Outros instrumentos jurídicos impõem sérias restrições ao acesso e à utilização dos recursos ambientais numa área dotada de um dos piores Índices de Desenvolvimento Humano (IDH) do Estado do Paraná. Ali, as condições de reprodução material e social são historicamente dependentes de atividades como a pesca, a agricultura, o extrativismo vegetal, a pecuária e o extrativismo de recursos animais dos manguezais.

As características físicas dos recursos dos manguezais, a tecnologia disponível e necessária para o extrativismo do caranguejo, os arranjos institucionais desconectados do cotidiano dos usuários e as carências do sistema de gestão alimentam a persistência do condição de livre acesso na região. Isto não impede que outras formas de apropriação possam se impor na área da APA, a exemplo da apropriação comunitária (Miranda, 2004).

Como vimos, o regime conhecido como livre-acesso é definido pela “ausência de direitos de propriedade bem definidos. O acesso aos recursos não é regulado, sendo livre e aberto a

c qualquer pessoa” (Feeny et al., 2001: 20). Isto significa que os direitos de propriedade dos recursos podem estar definidos, bem como as regras que regulam o acesso e os usos, mas na medida em que esta definição não é compartilhada pela maioria dos atores envolvidos, as regras não são consideradas politicamente legítimas.
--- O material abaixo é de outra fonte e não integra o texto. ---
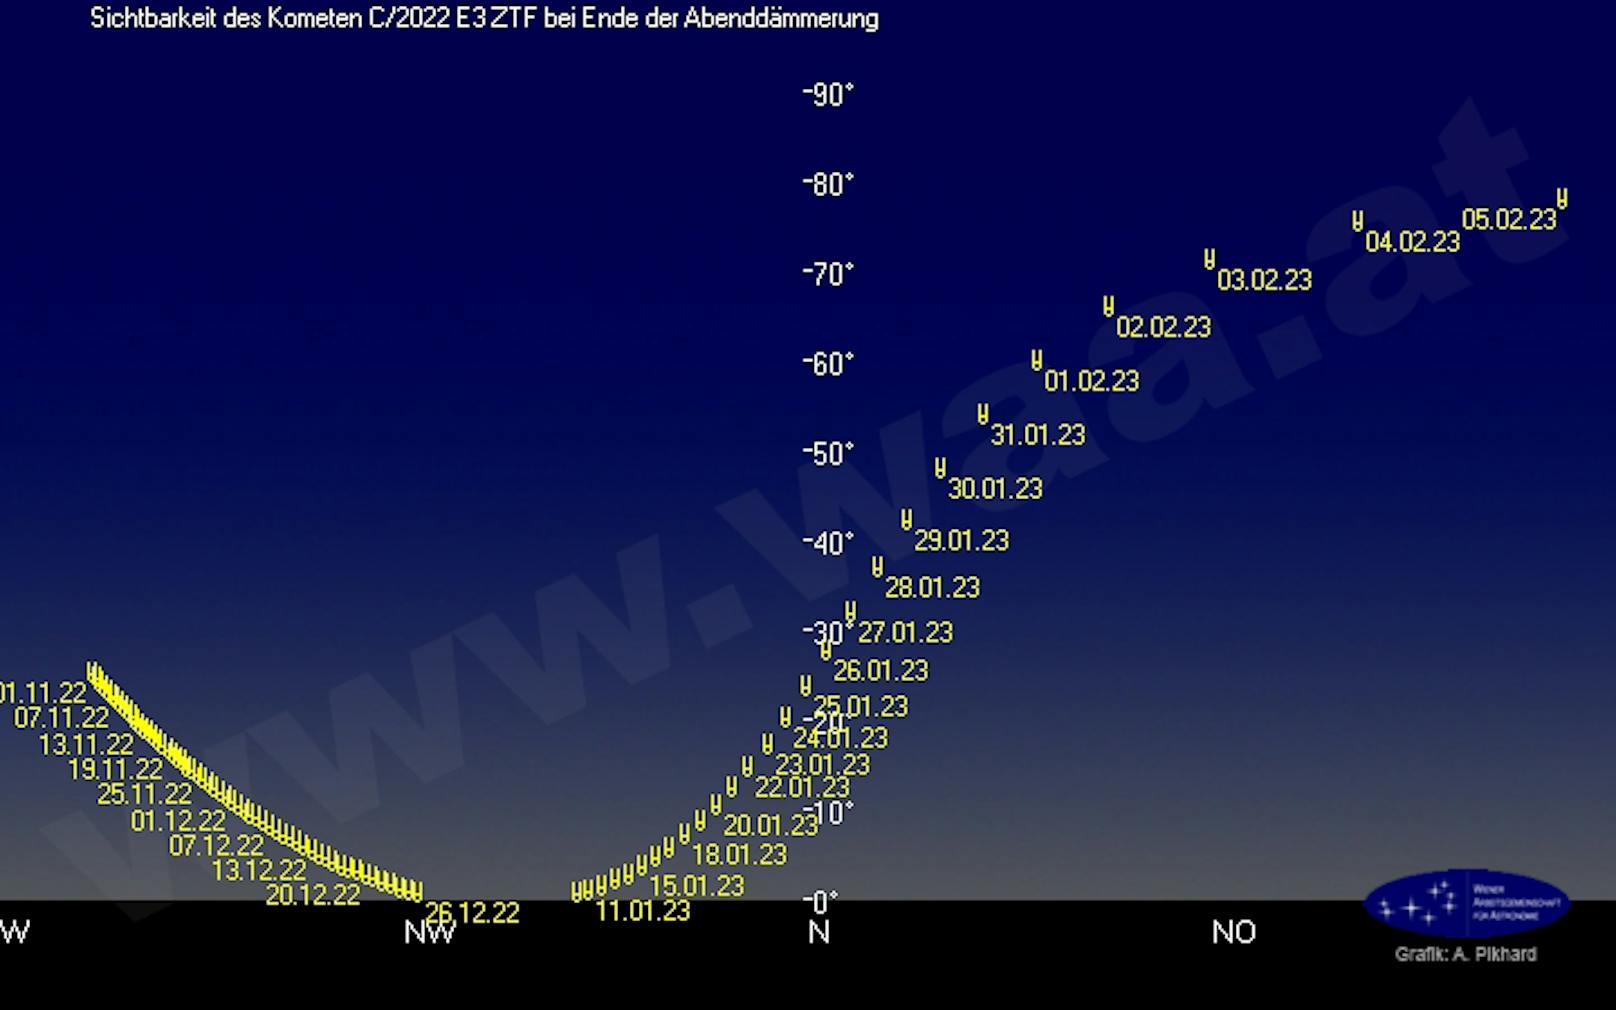 Die Grafik zeigt die Position des grünen Kometen C/2022E3 <strong>zum Ende der Abenddämmerung</strong> zu verschiedenen Tagen am Nachhimmel über Wien.

Some-se a isso o reconhecimento de que o perfil do sistema de gestão da APA continua a refletir a adoção de um viés preservacionista e autoritário, que tende a excluir a população local das tomadas de decisão. A existência de um aparato institucional excessivamente restritivo sob a tutela de órgãos públicos responsáveis pela gestão dos recursos de uso comum favorece a persistência do regime de livre-acesso.

Apesar desta situação de crise institucional na APA de Guaraqueçaba, a partir de 2001 foi criado um novo espaço de gestão que sinaliza mudanças importantes no cenário local. A criação do Conselho Deliberativo da APA de Guaraqueçaba (CONAPA) apresenta-se atualmente como uma alternativa promissora de enfrentamento da crise, na medida em que pela primeira vez a participação autêntica da população no sistema de gestão está sendo efetivada. No próximo capítulo, este tópico ocupa um lugar de destaque.